Webhook authentication

Verify the webhook signature before handling the request.

Webhook event examples

{
  "event": "kyc.verification.success",
  "customer_id": "931e2341-c3eb-4681-97d4-f6e09d90da14",
  "occurred_at": "2021-10-20T10:27:20.154286+00:00"
}
{
  "event": "kyc.verification.failure",
  "customer_id": "931e2341-c3eb-4681-97d4-f6e09d90da14",
  "occurred_at": "2021-10-20T10:35:34.781911+00:00"
}

Signature Verification

The request from the Webhooks API to the developer's system also contains the Bond-Signature header used for verifying the request. The request should only be processed if the signature can be verified. This header takes the form of Bond-Signature: t={timestamp},v1={version 1 digest},v2={new version 2 digest} and contains:

  • timestamp t formed at the time of the request
  • signature digest of fixed version v1
  • signature digest of the new version v2

The following is an example of this header.

{
     'Bond-Signature':
     't=1598980451,v1=3095c22f29d051e548cffd90c899369985f6e2b6,v2=536e828135322f29d051e548cffd90c69985f'
}

The signature digest is generated using keyed-hashing for message authentication HMAC, using the SHA-256 hash algorithm. For details, see the implementation of the hmac module in Python's standard library or others in the code snippets below. You should calculate and verify the signature digest before processing the request.

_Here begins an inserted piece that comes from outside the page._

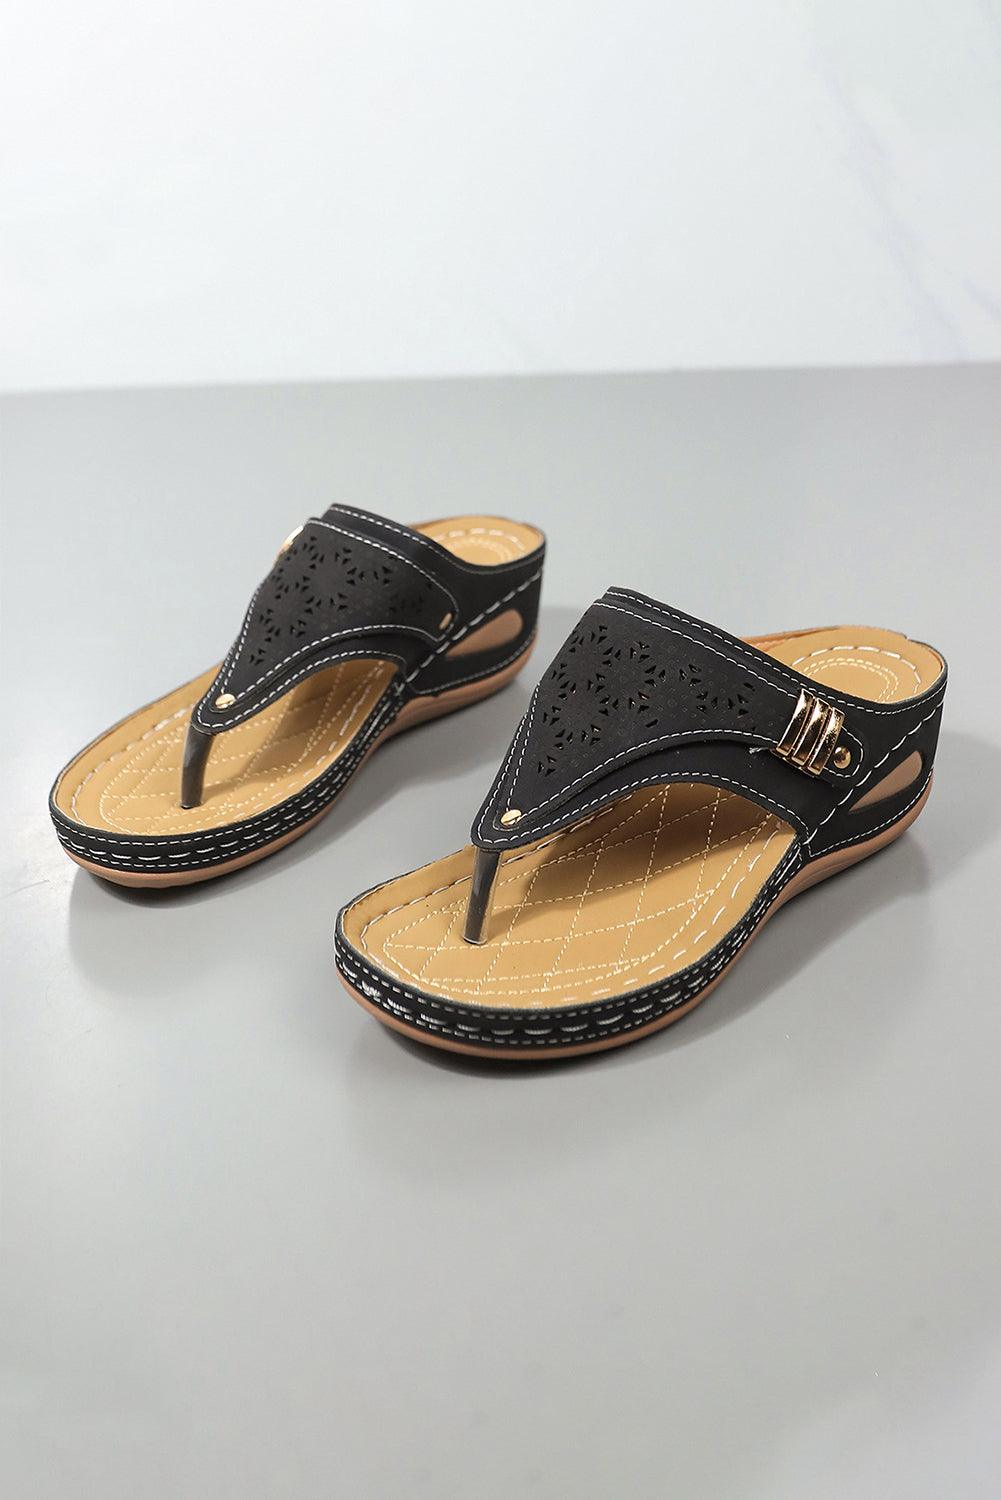 Black Hollow Out Clip Toe Wedge Slippers - L & M Kee, LLC
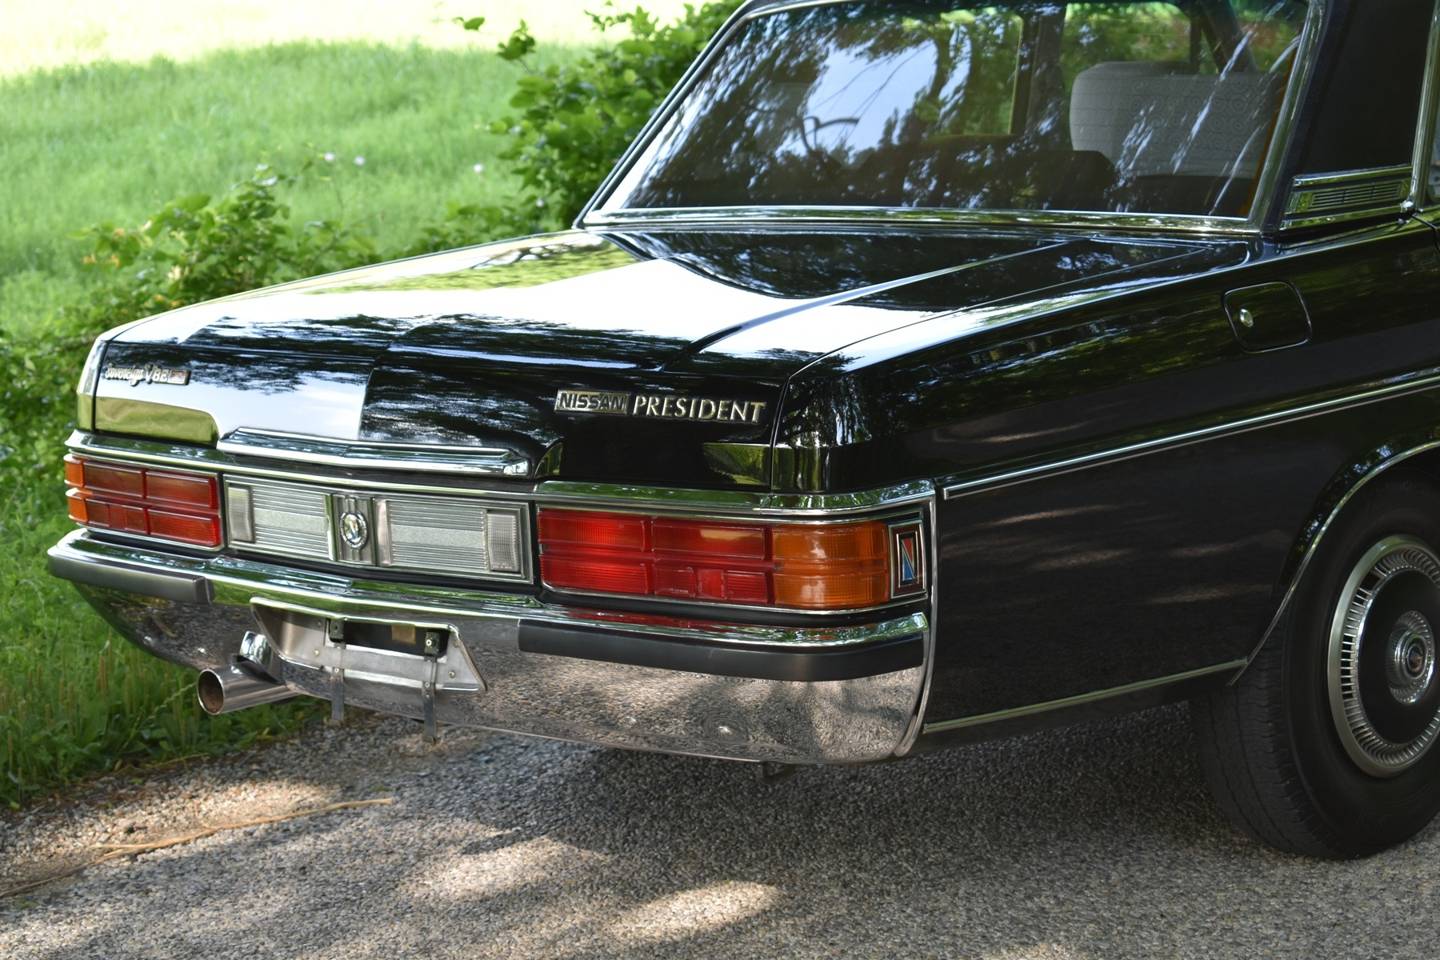 8th Image of a 1987 NISSAN PRESIDENT

The signature digest is calculated by encoding the webhook secret provided during event subscription, the timestamp t found in the header, and the event payload, all as byte strings using UTF-8 encoding. The procedure for doing this is as follows:

  1. Encode the webhook secret.
  2. Encode the concatenation of the timestamp t as a string, the character . (period), and:
    • v1: the event JSON payload (the request body) as a string
    • v2: the raw request BODY with no modifications
  3. Compute an HMAC using SHA-256 from the encoded webhook secret and encoded string from step 2.
  4. Compare this calculated signature digest with v1 or v2 from the header, depending on whether you used JSON or the raw request BODY.

If the computed digest matches the provided digest, then the request can be processed.

For code examples of signature verification, see Signature verification examples. Note that the v1 signature is prepared using python style JSON parsing which may result in different strings in other languages and parsing strategies. We now recommend using a v2 digest based on the raw BODY which is unambiguous across languages and server frameworks.

Event Handling

The request from the Bond platform to the your system contains the event subscription as the body. This provides all the relevant information concerning this event. The event enum label is also shown, as seen in the example below.

{
    "event": "event.label",
    "customer_id": "customer_uuid",
    "verification": "verification_status",
    "occurred_at": "timestamp",
}

Events should be processed and recorded following your business logic. In rare cases, the event may be received more than once, so event processing should be idempotent. One way to accomplish this, is to not process any events that have already been received and logged.

📘

Handling duplicate webhooks

Use the combination of occurred_at and event to match a webhook that your server receives with one that you have already processed to identify a possible duplicate.

Error handling

If a 200 or 201 response code is not received, the Webhooks API retries the request using exponential backoff for up to three days. This adds up to approximately eight retry attempts until a successful response is returned.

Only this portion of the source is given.